An analysis of excess deaths in Canada during the COVID-19 pandemic shows wide variation by province and underscores the need for better and consistent data for current and future health crisis management. The article is published in CMAJ (Canadian Medical Association Journal) https://www.cmaj.ca/lookup/doi/10.1503/cmaj.220337.
Excess deaths (obtained from Statistics Canada) are the difference between the actual reported numbers of deaths and the expected numbers. Using publicly available data, the analysis looked at deaths in Canadian provinces from March 2020 to October 2021 to explore excess deaths overall and those related to COVID-19 before the Omicron wave.
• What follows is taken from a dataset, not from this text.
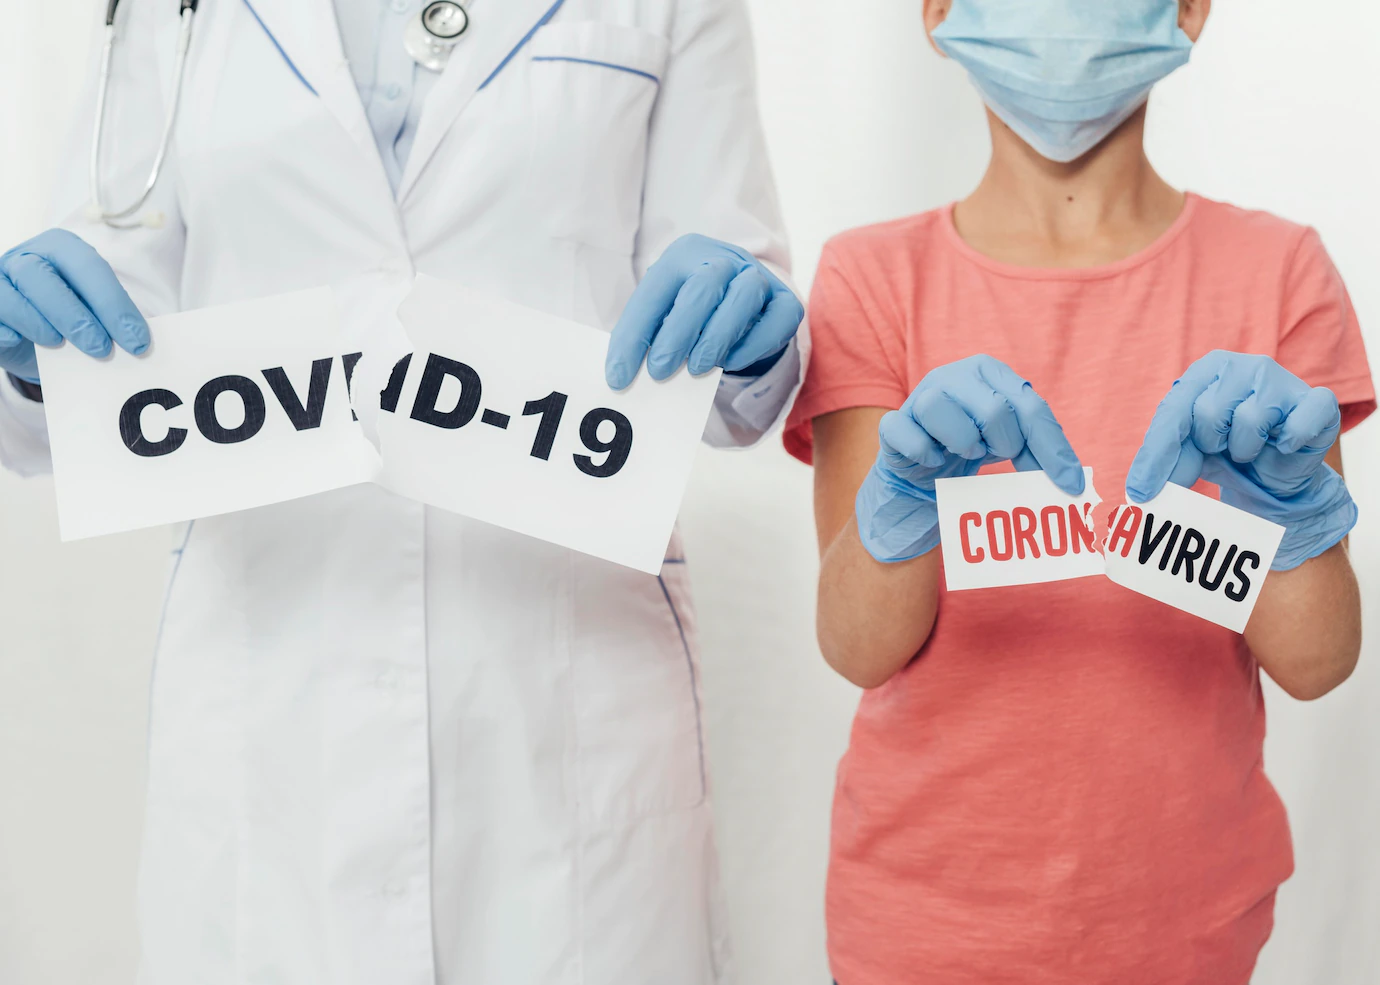 Are you worried about health during Covid-19? Follow these 5 Ways

Death rates varied widely, with the highest COVID-19 mortality rate in Quebec and the lowest in Prince Edward Island and Nova Scotia. Ontario is the province where excess deaths and COVID-19 deaths rose and fell in closest alignment. British Columbia, Alberta and Saskatchewan all had higher overall excess mortality than other provinces. In BC, there was a spike in deaths from the excessive heat wave in summer 2021.
There are several possible explanations for this wide variability in death rates during the pandemic. A few examples are provincial differences and limitations in COVID-19 testing, reporting practices of cause of death, and different public health measures such as business and school closures, mask mandates and other public health events.
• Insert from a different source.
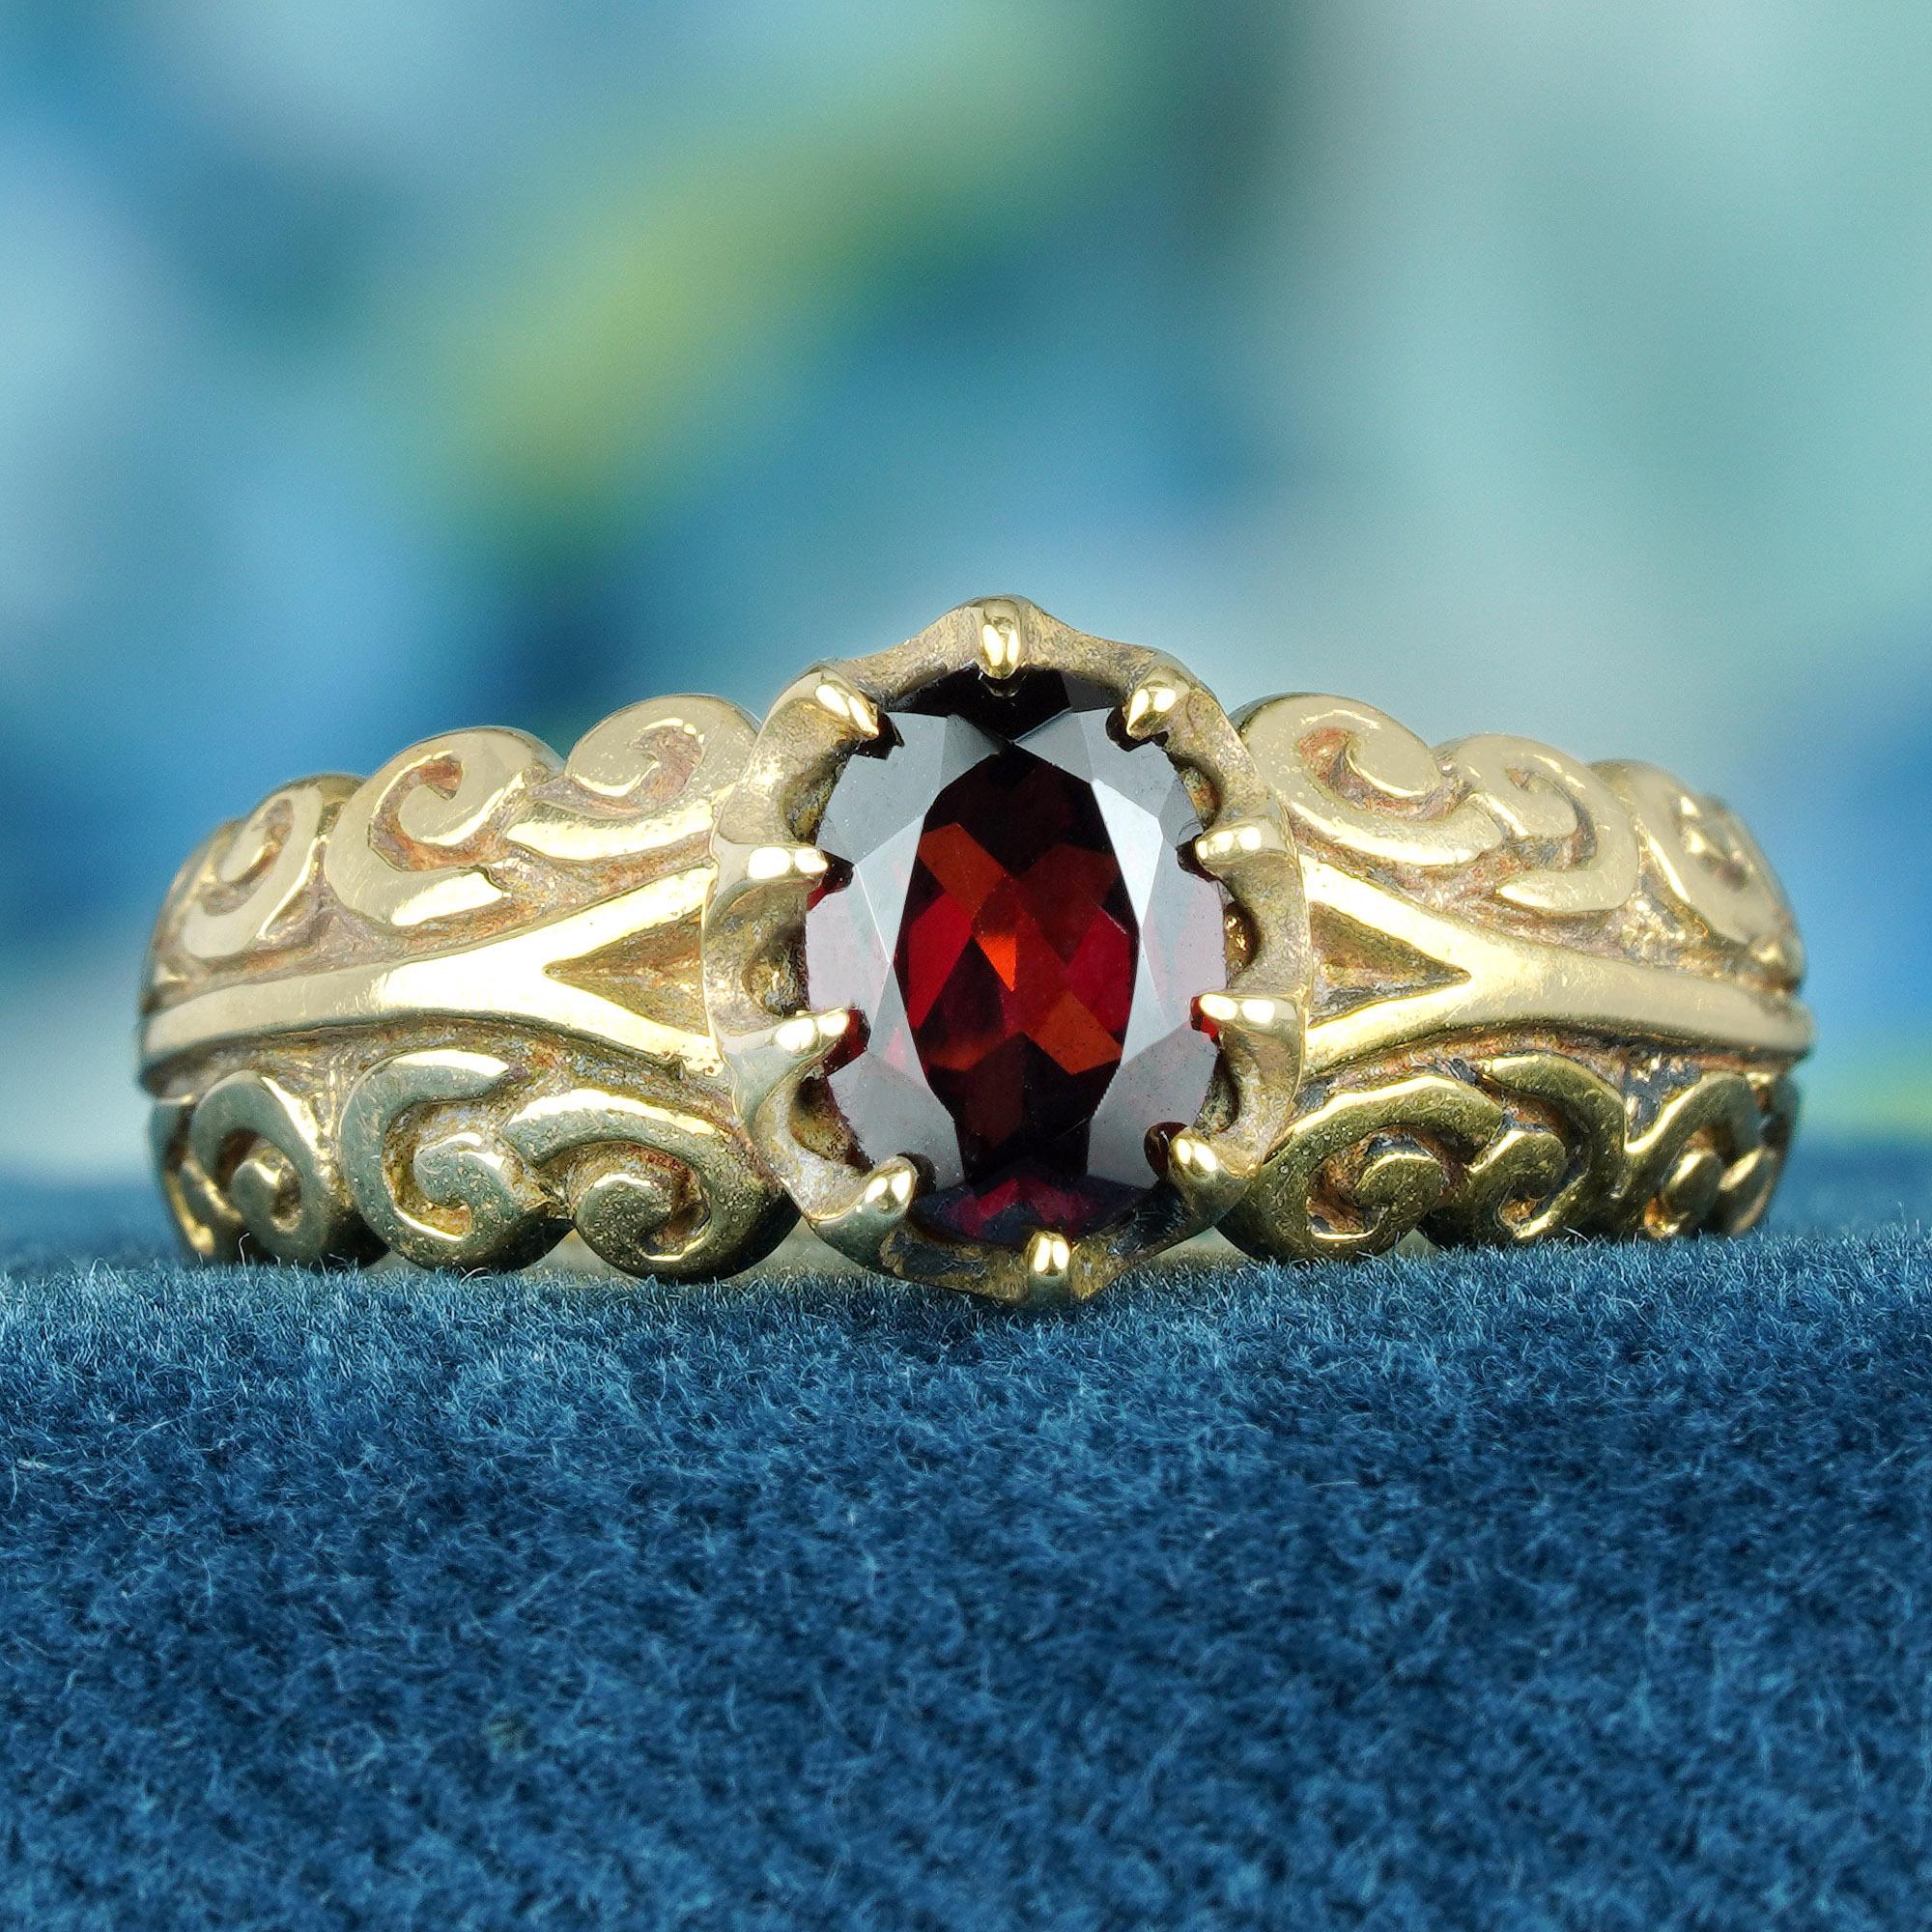 Adorned with a fiery oval red garnet gemstone and set in intricate gold, this ring stands as a masterpiece of craftsmanship. The delicate swirling carved band speaks volumes about artistry and meticulous attention to detail. So, go ahead, indulge in

Having confidence in the accuracy of data on COVID-19 deaths is key to understanding different provincial experiences of the pandemic and to distinguish whether provinces had a ‘COVID-19 problem,’ a broader mortality problem or both.”
Dr. Kim McGrail, School of Population and Public Health, University of British Columbia, Vancouver, BC
Deaths from illicit drugs, which worsened during the pandemic, and BC’s heat wave contributed to excess deaths, although the pandemic may have contributed as well.
“Human Rights Watch concluded that an inadequate policy response contributed to heat-related deaths in BC, and that these deaths were highly associated with social and material deprivation, which may have been related to the COVID-19 pandemic,” writes Dr. McGrail. “Pandemic policies and border shutdowns likely also contributed to an unsafe drug supply, more people using alone and other social factors that contributed to higher rates of opioid-related deaths.”
Measures to control the pandemic are also known to have reduced deaths. Other studies reported fewer motor vehicle accidents and a large reduction in influenza-related deaths.
The author calls for collaboration across Canada’s health care systems, with consistent terms and definitions to allow faster reporting of deaths and better overall health data.
“Such collective assessment and learning is key to help ensure preparedness for another SARS-CoV-2 variant, another weather event or an entirely new health threat. It will take the collective efforts of all stakeholders, including the public, to be ready and willing to respond to the next crisis. Conversations that support that preparedness should start now,” urges Dr. McGrail.